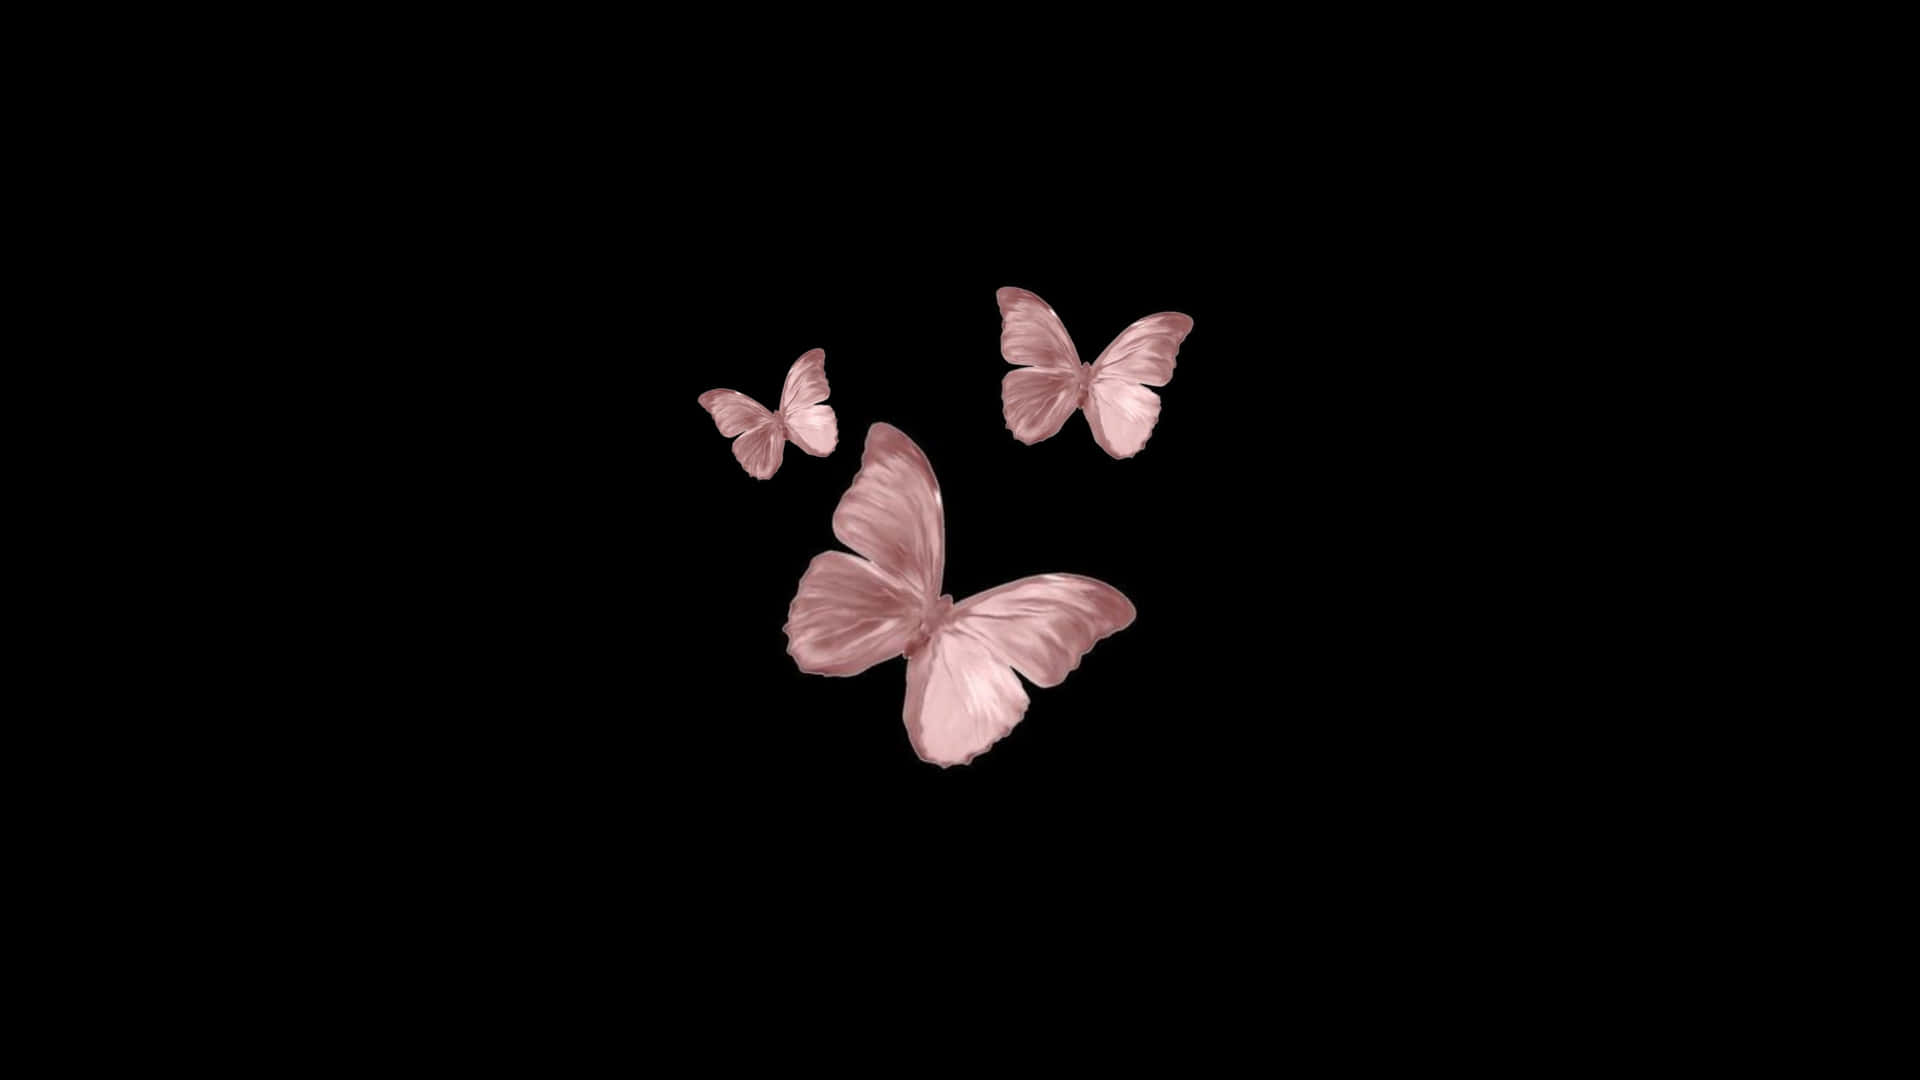 A Black Background With Pink Butterflies Flying In The Air Wallpaper
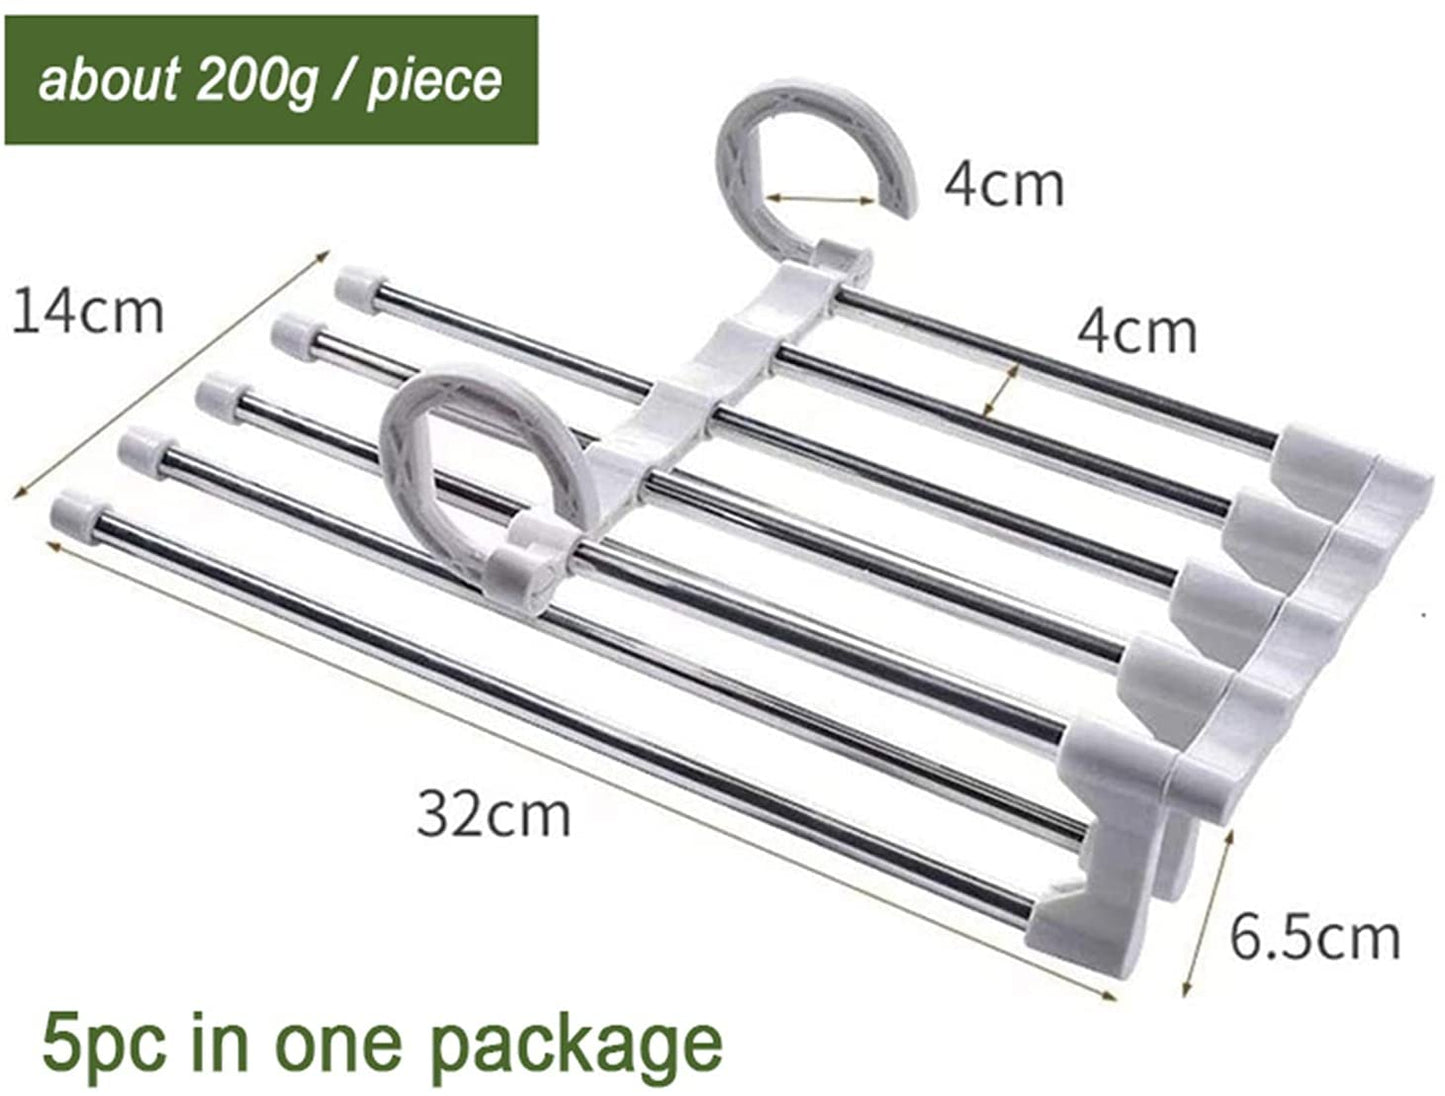 5 in 1 Layered Cloth Organizer Hanger (Stainless Steel Quality)
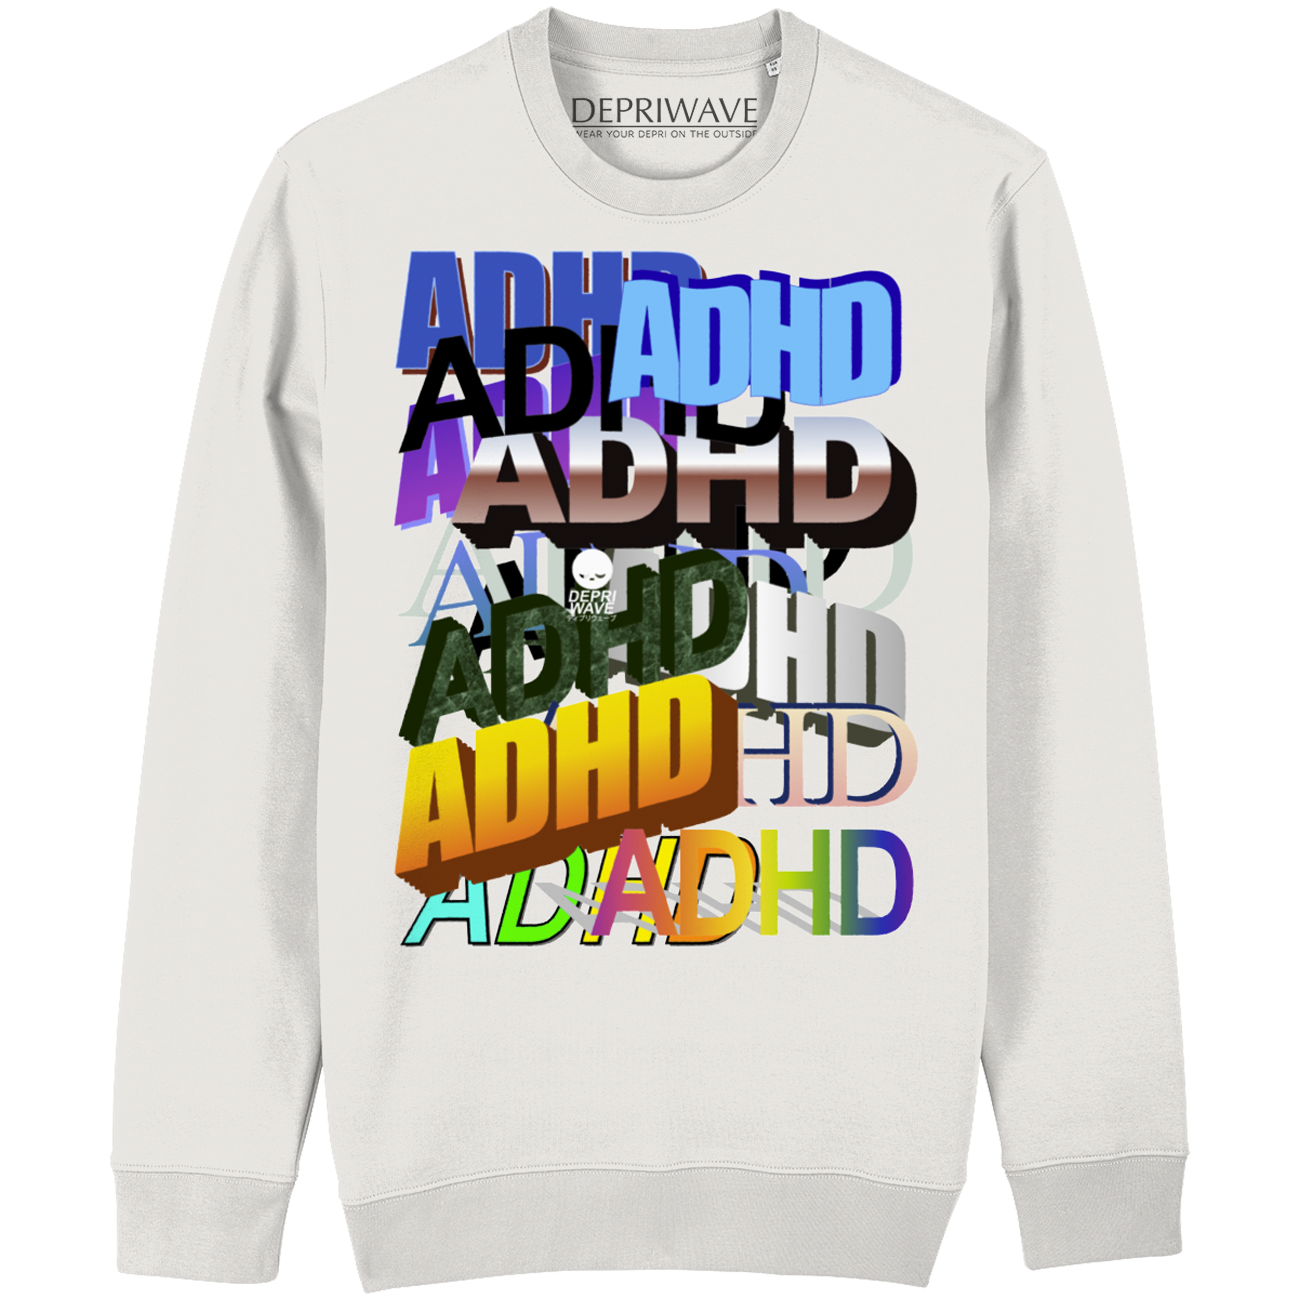 ADHD - sweater vintage wit
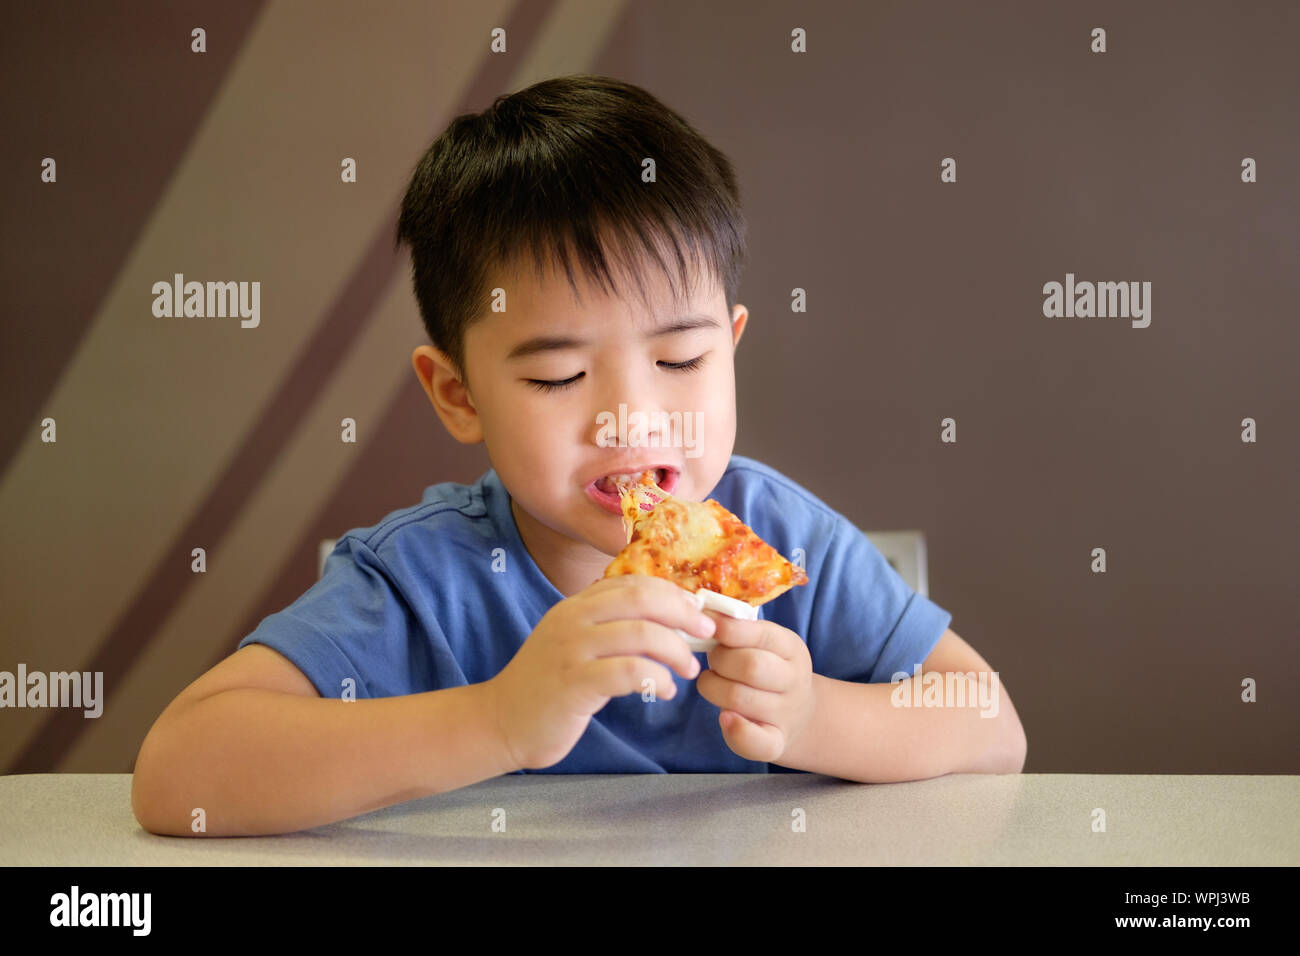 Asian boy is happy to eat pizza on brown background. Stock Photo

[Directions]:
Recopy the whole listing above precisely, excluding images.

[Solution for this exercise]:
 A Black Background With Pink Butterflies Flying In The Air Wallpaper
 5 in 1 Layered Cloth Organizer Hanger (Stainless Steel Quality)
 ADHD - sweater vintage wit
 Asian boy is happy to eat pizza on brown background. Stock Photo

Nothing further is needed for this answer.